Urdu Translation Software Understands Nuance
Rohini Srihari began working on her software in the hopes of improving computerized translations of Urdu -- a linguistic blend of Hindi and Persian that is widely spoken in Pakistan, and by many Muslims in India. Urdu is a particularly difficult language for computers to translate because its grammar is so different from most Western languages, and its Arabic script can connote important subtleties in meaning. As a result, most digital translations of Urdu remain comparatively basic and literal -- something that Srihari wanted to change.
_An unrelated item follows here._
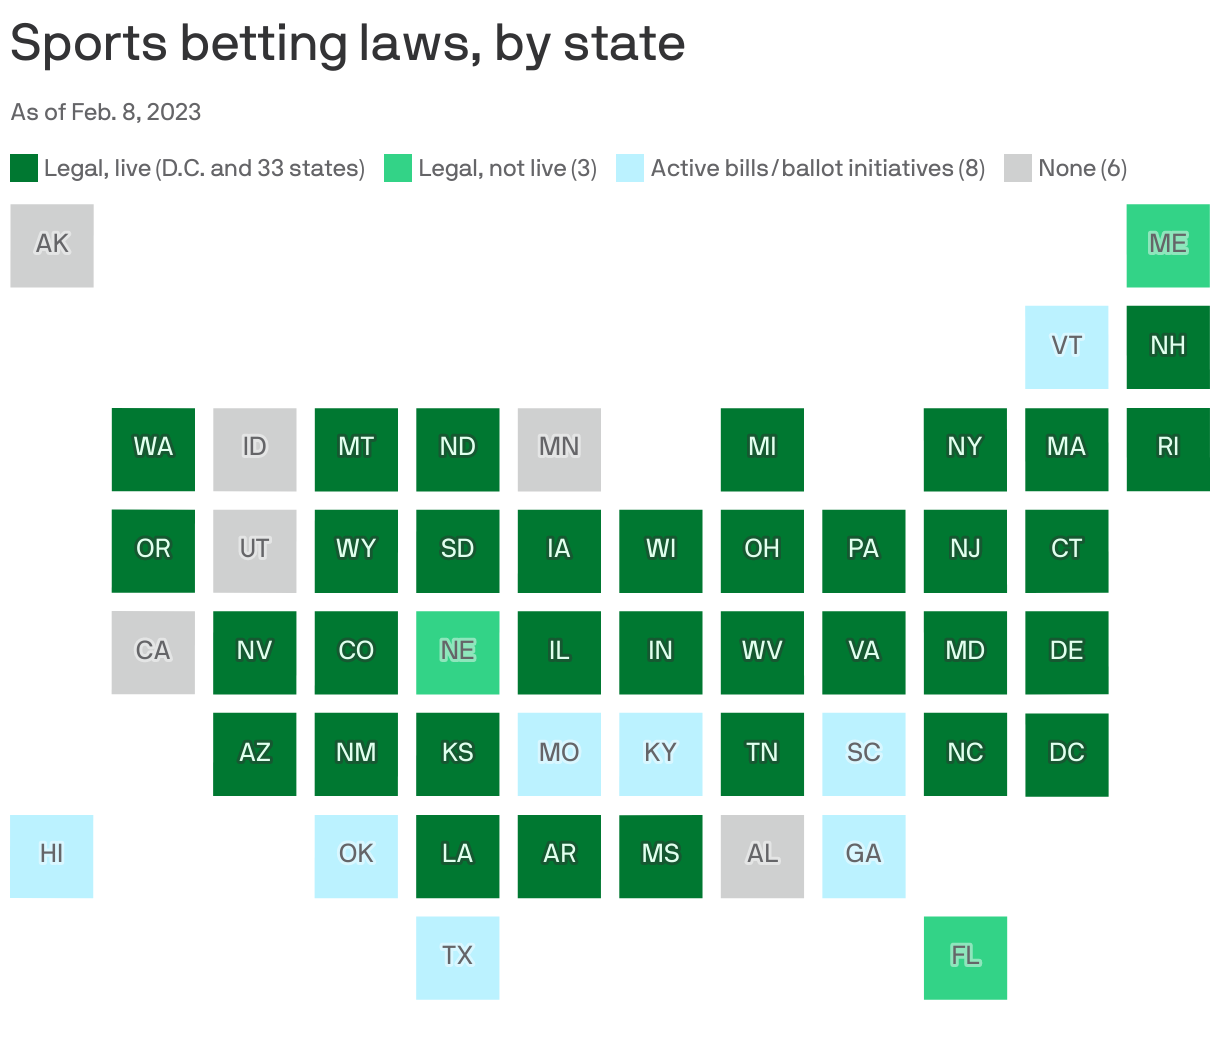 Sports betting laws, by state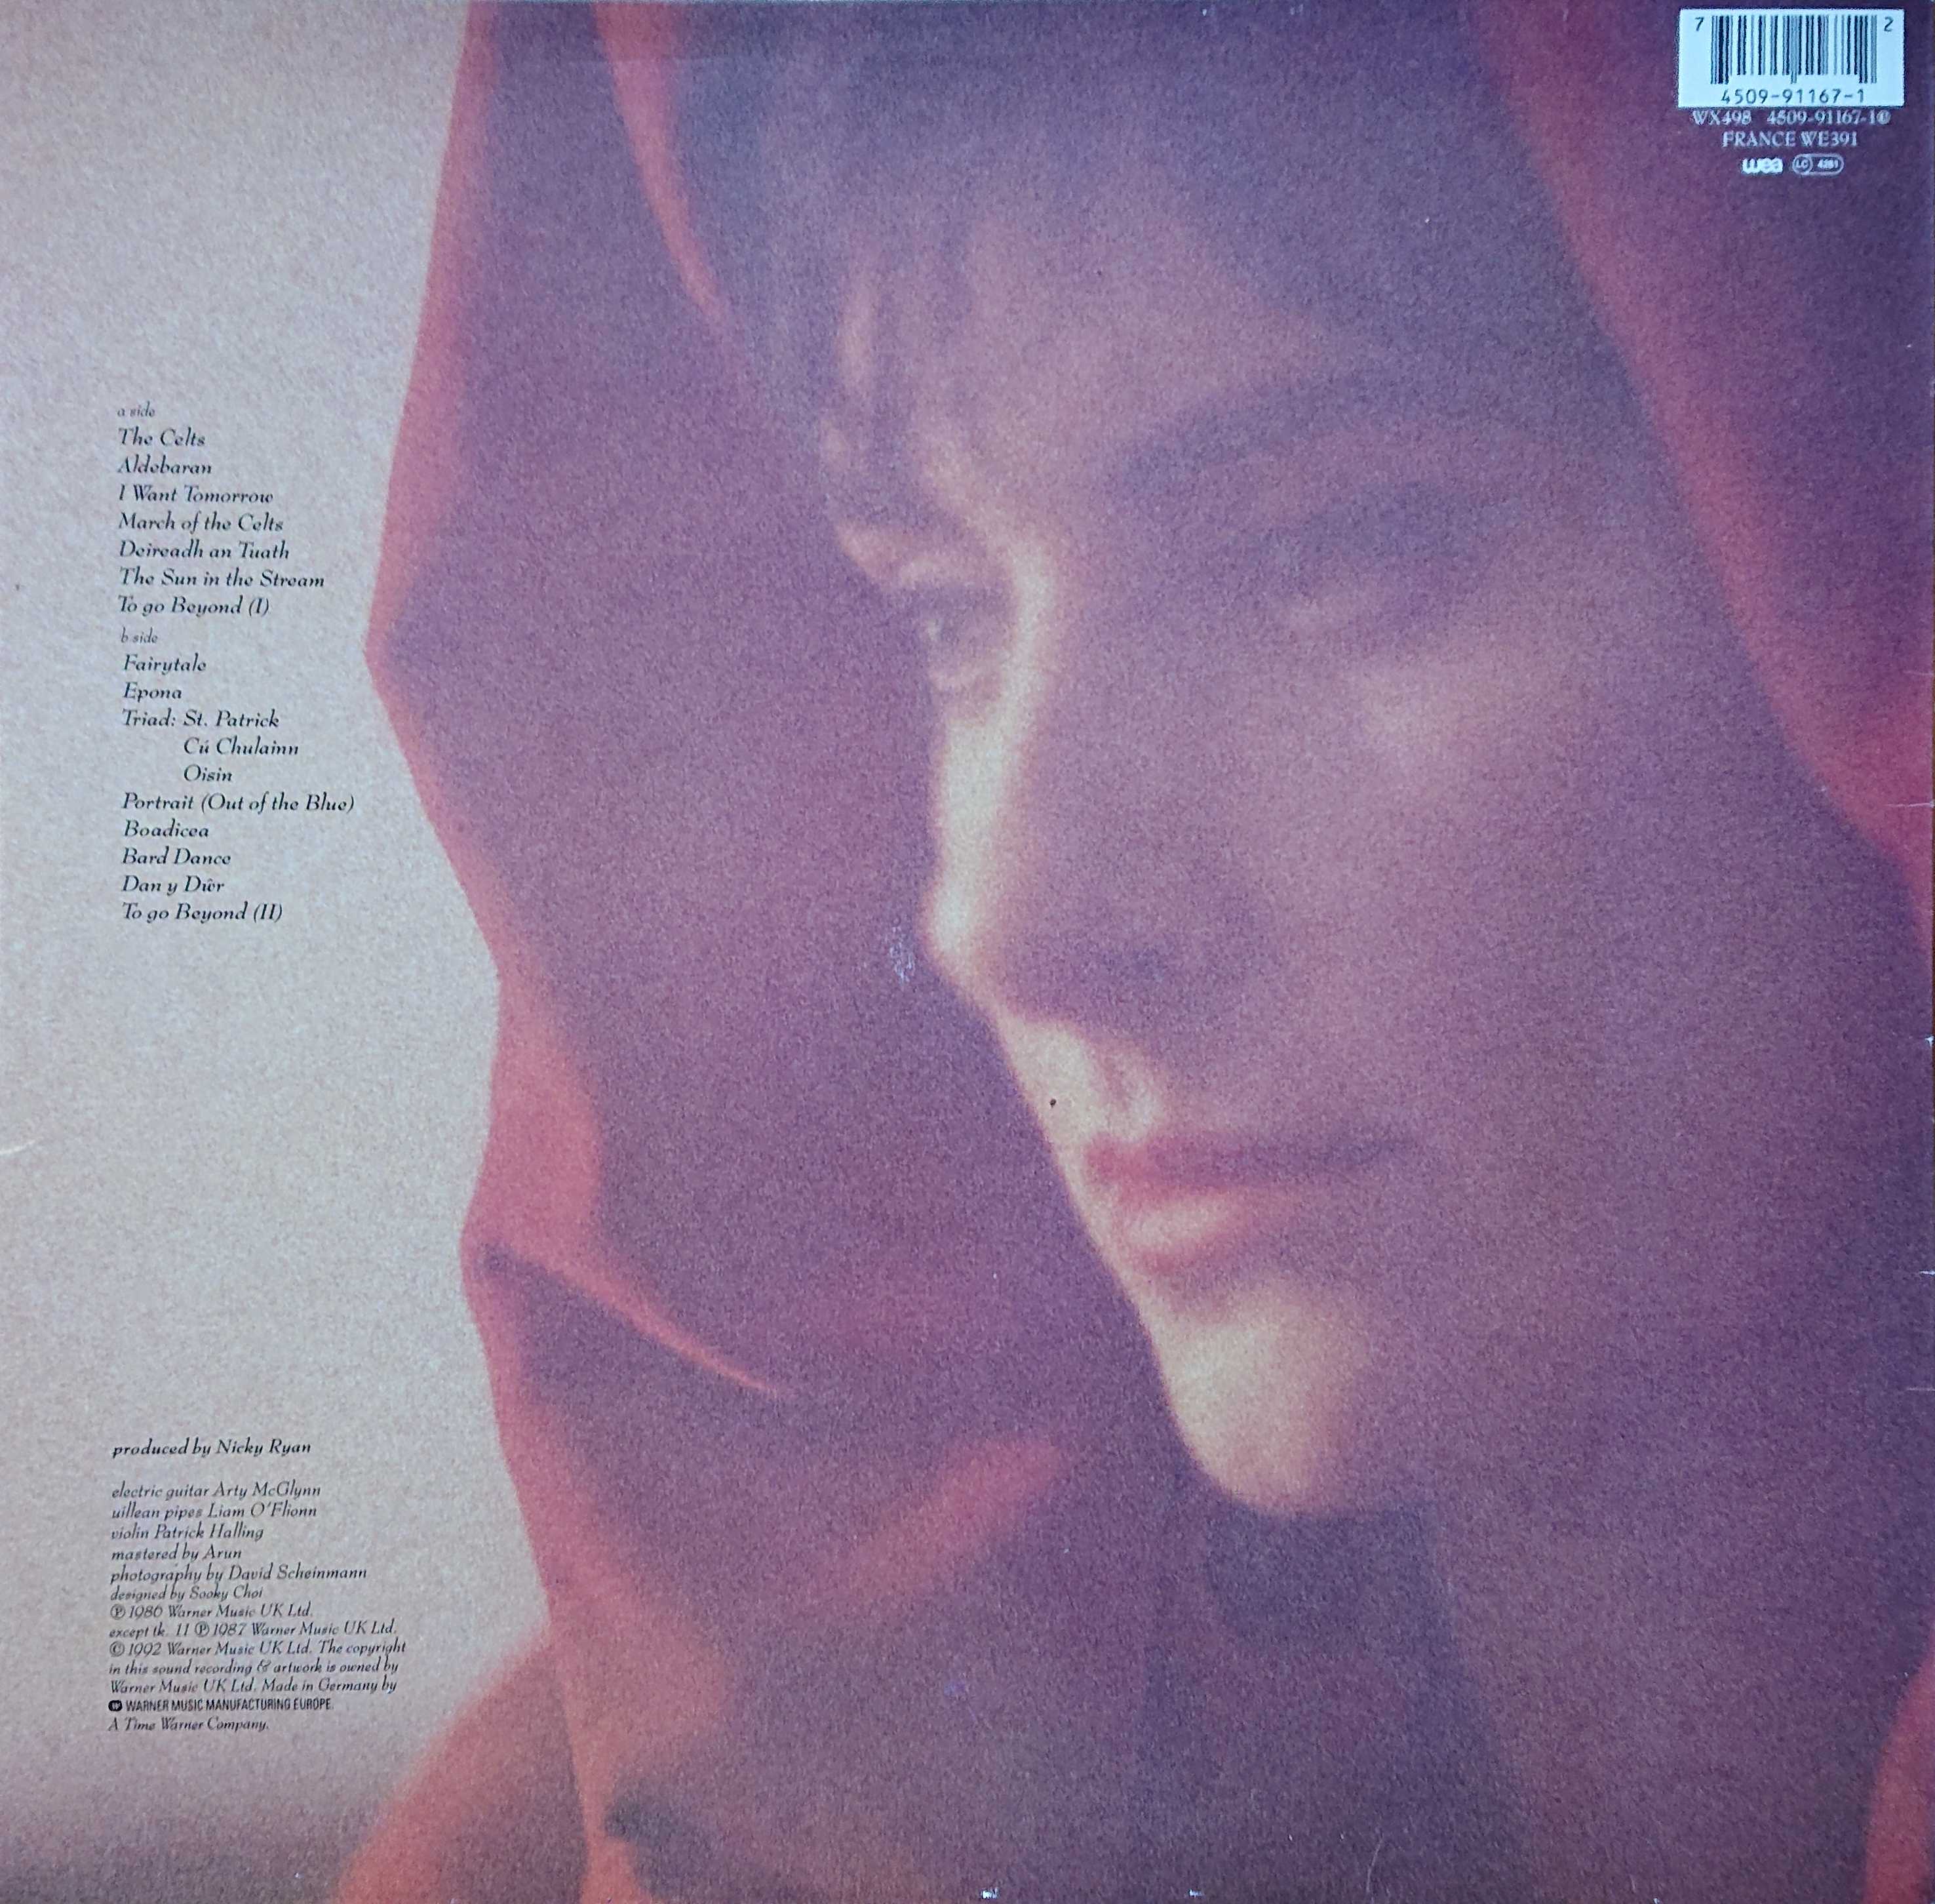 Picture of WX 498-iF The Celts by artist Enya / Roma Ryan from the BBC records and Tapes library

"What I want is to determine who are the people, places and things being talked about," Srihari told NPR. "Is there an opinion being expressed? Is it a positive or negative opinion being expressed?" According to the researcher, her new software has effectively "learned" Urdu, and can even analyze and capture the language's subtle nuances. With Srihari's program, users can scroll their mouse over Urdu text, and the computer will identify the sentiment behind the text, highlighting the excerpt in red if negative, and green if positive.
Srihari's work is of particular importance following the recent upheaval in the Middle East, where dissidents and demonstrators used social media like Twitter and Facebook to organize protests and disseminate information. With a more accurate translation tool, outsiders may eventually be able to get a better grasp of what's going on in different nations through less distilled translations.
Ernest Tucker, a history professor at the U.S. Naval Academy, told NPR that the software could have far-reaching implications for political scientists and historians, as well. "That's the goal of all historians anywhere," he explained, "to try to get the voices of more and more people into the conversation, and anything that can do that, particularly this kind of thing, is a wonderful gift."